Work request >> Skip the pictures. Retype exactly, and only, the lines between the line holding "Harry Potter, Broom, Slytherin, green" and the last line below, inclusive.

Exercise data >>
* * *

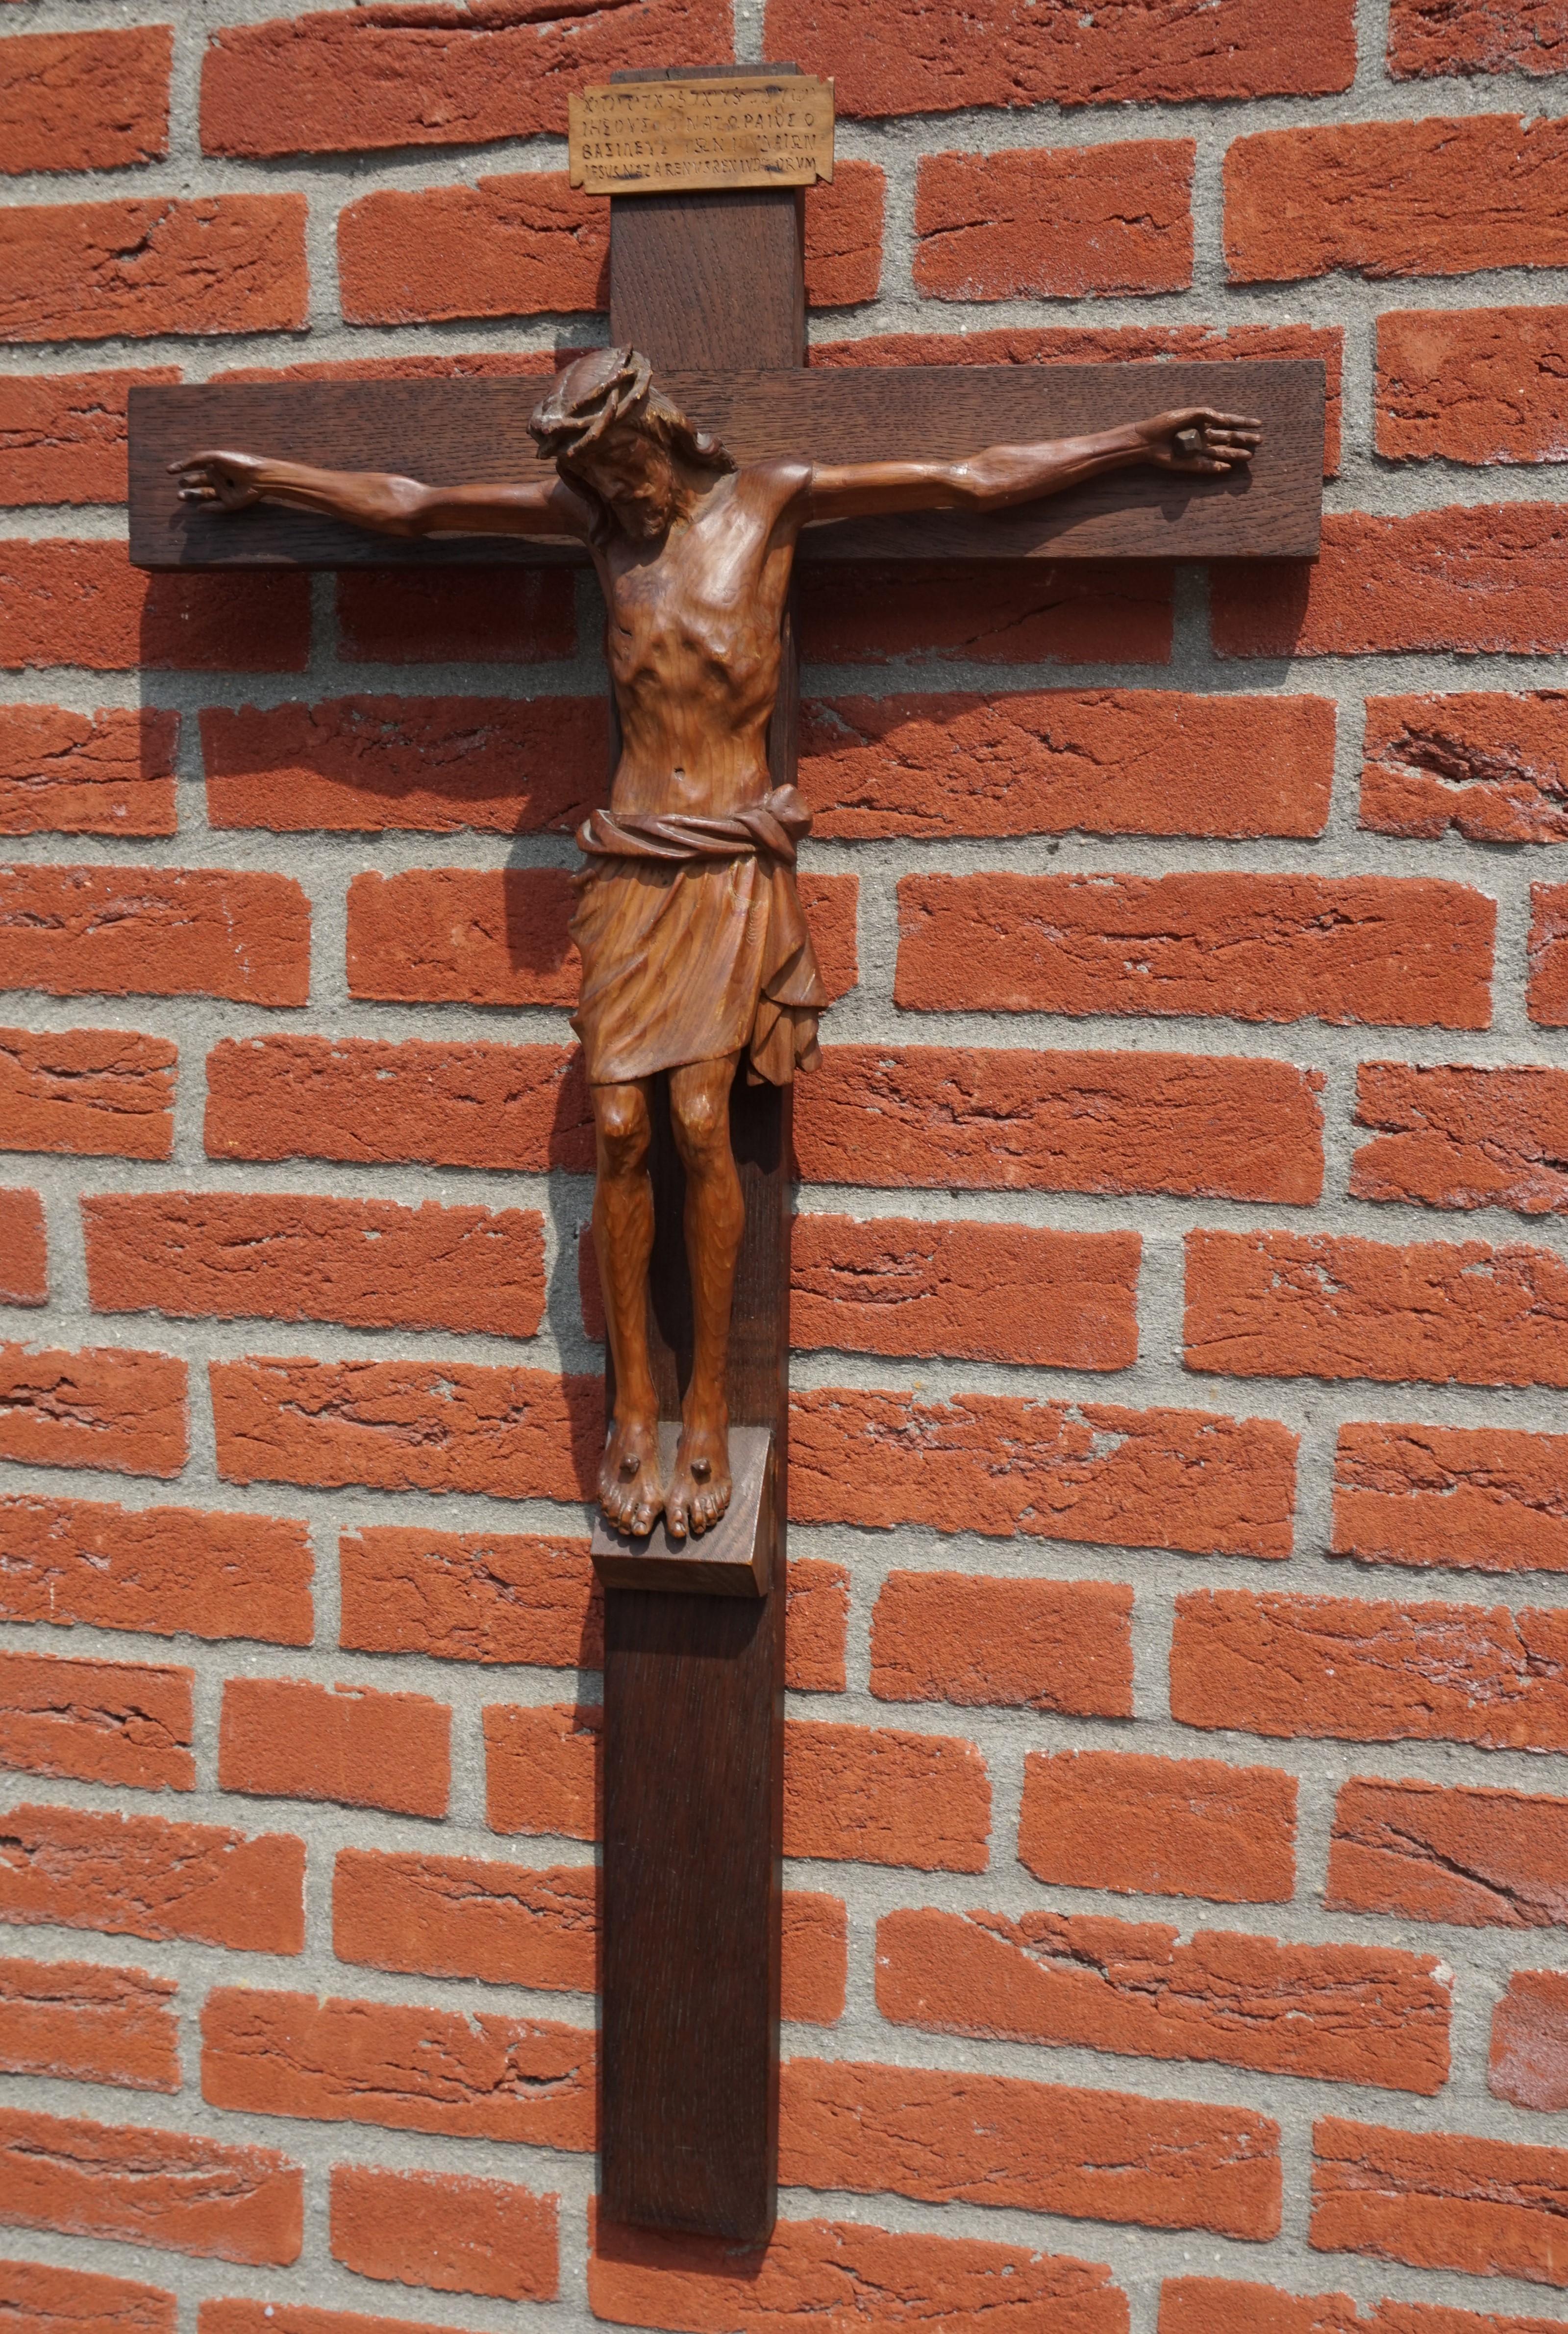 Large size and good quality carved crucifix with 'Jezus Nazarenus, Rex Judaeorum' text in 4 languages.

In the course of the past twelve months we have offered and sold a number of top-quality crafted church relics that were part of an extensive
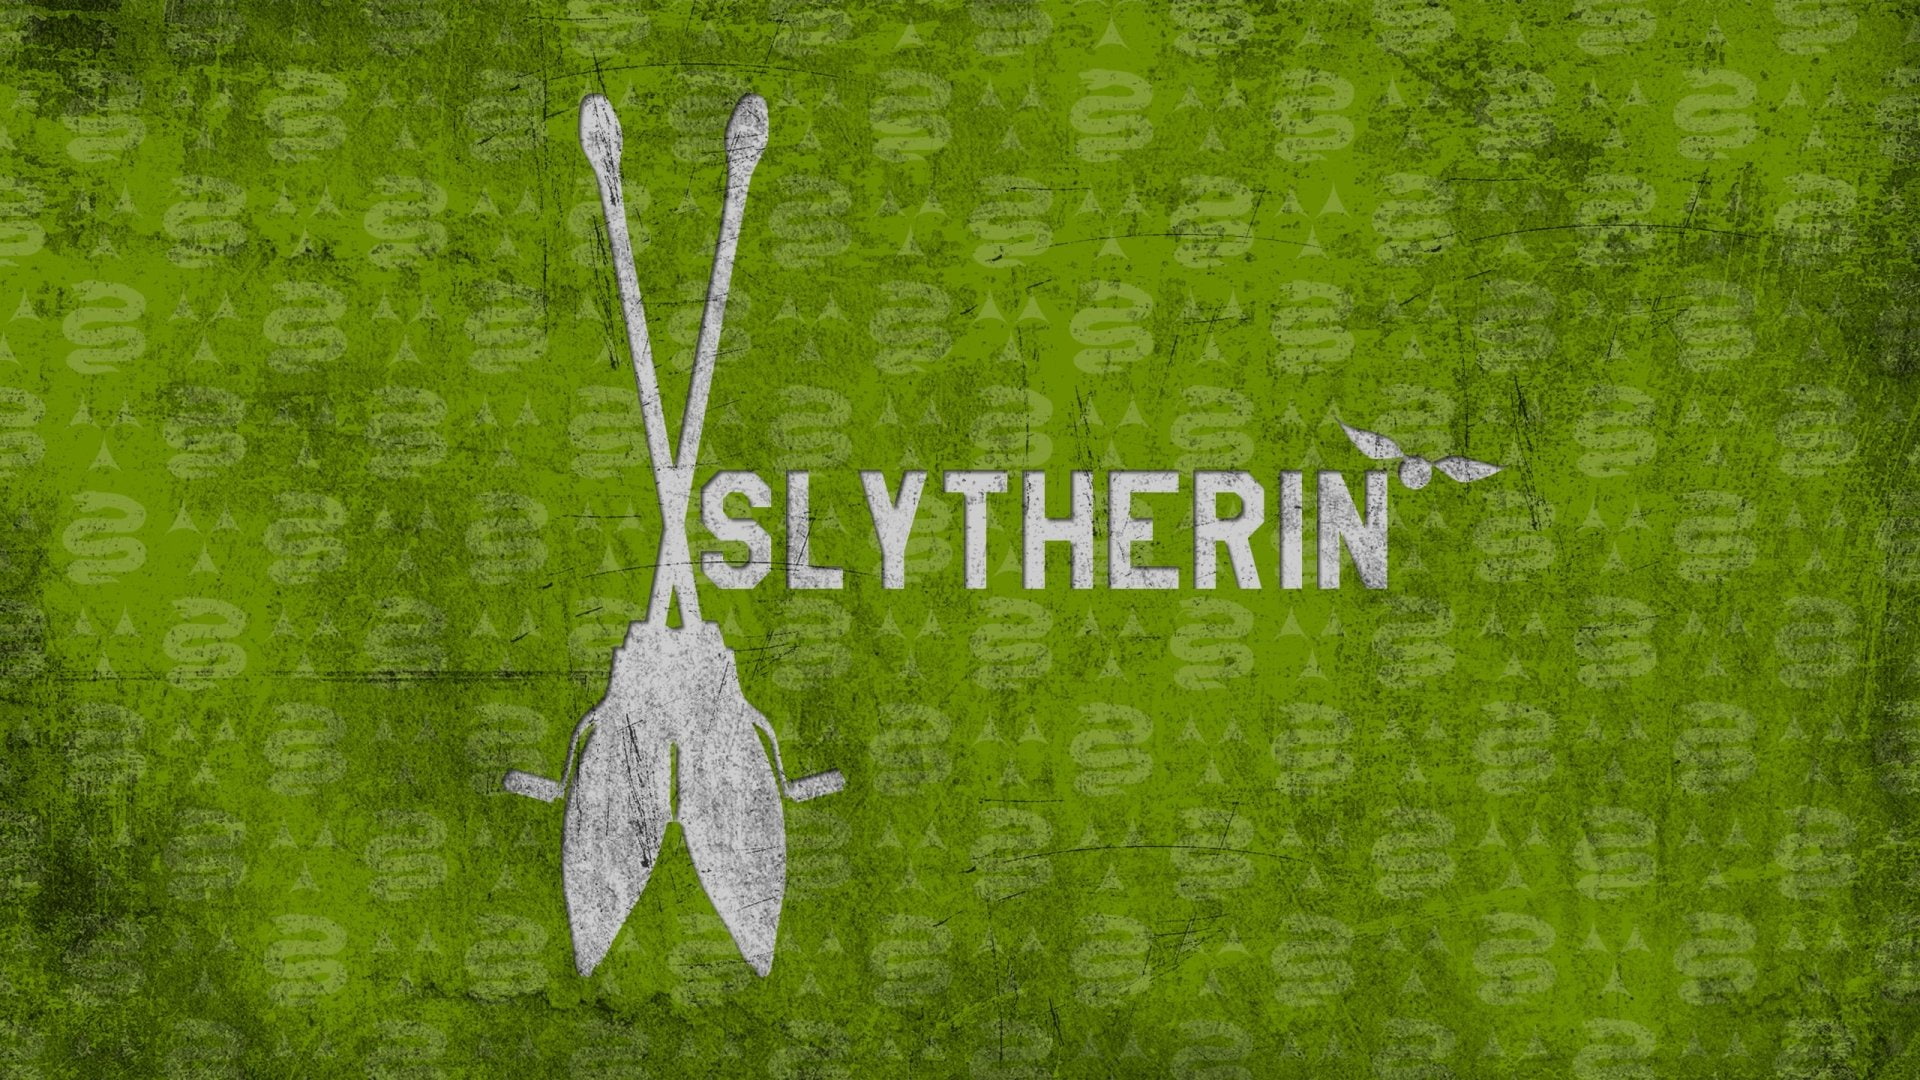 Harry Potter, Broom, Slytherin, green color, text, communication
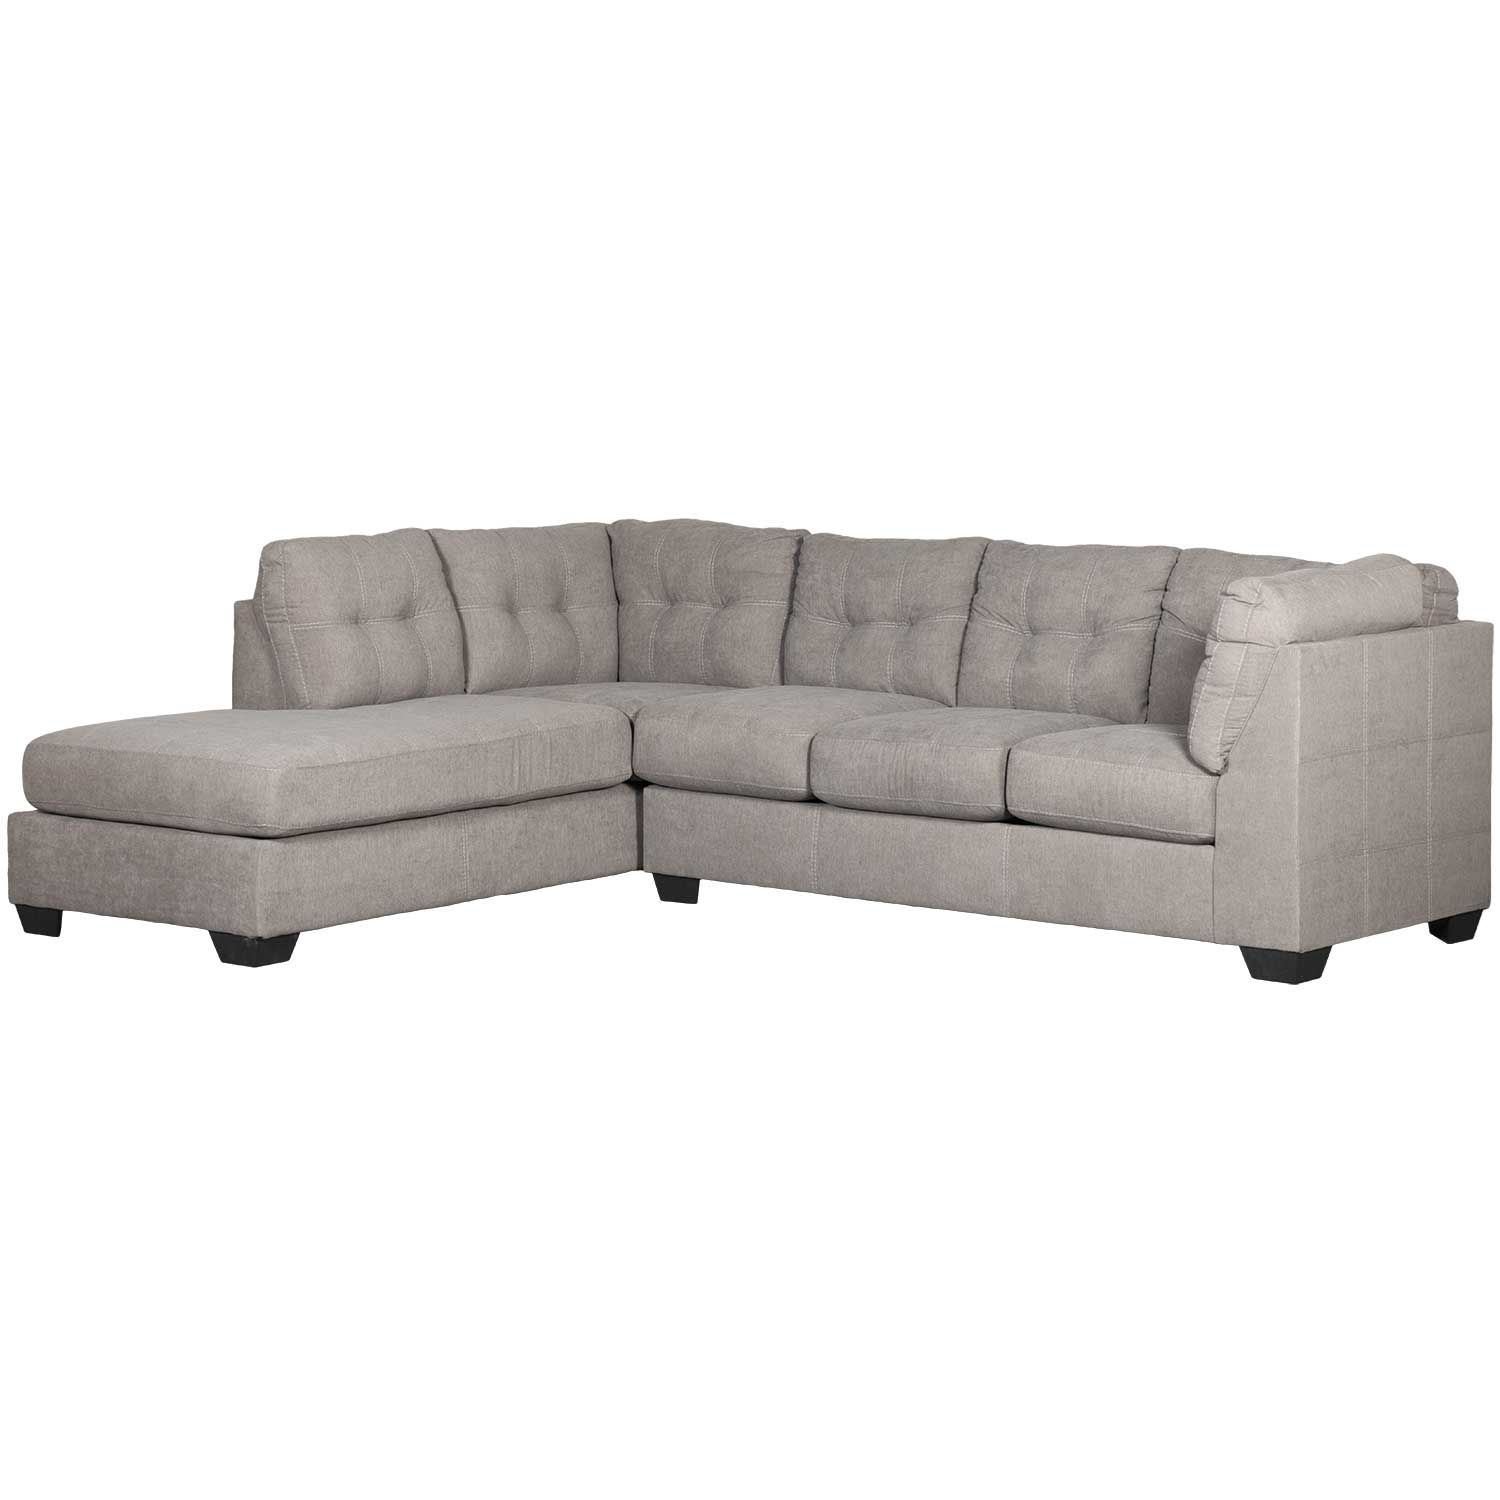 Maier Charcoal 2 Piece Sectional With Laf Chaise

* * *

Worked solution >>
 Harry Potter, Broom, Slytherin, green color, text, communication
 Maier Charcoal 2 Piece Sectional With Laf Chaise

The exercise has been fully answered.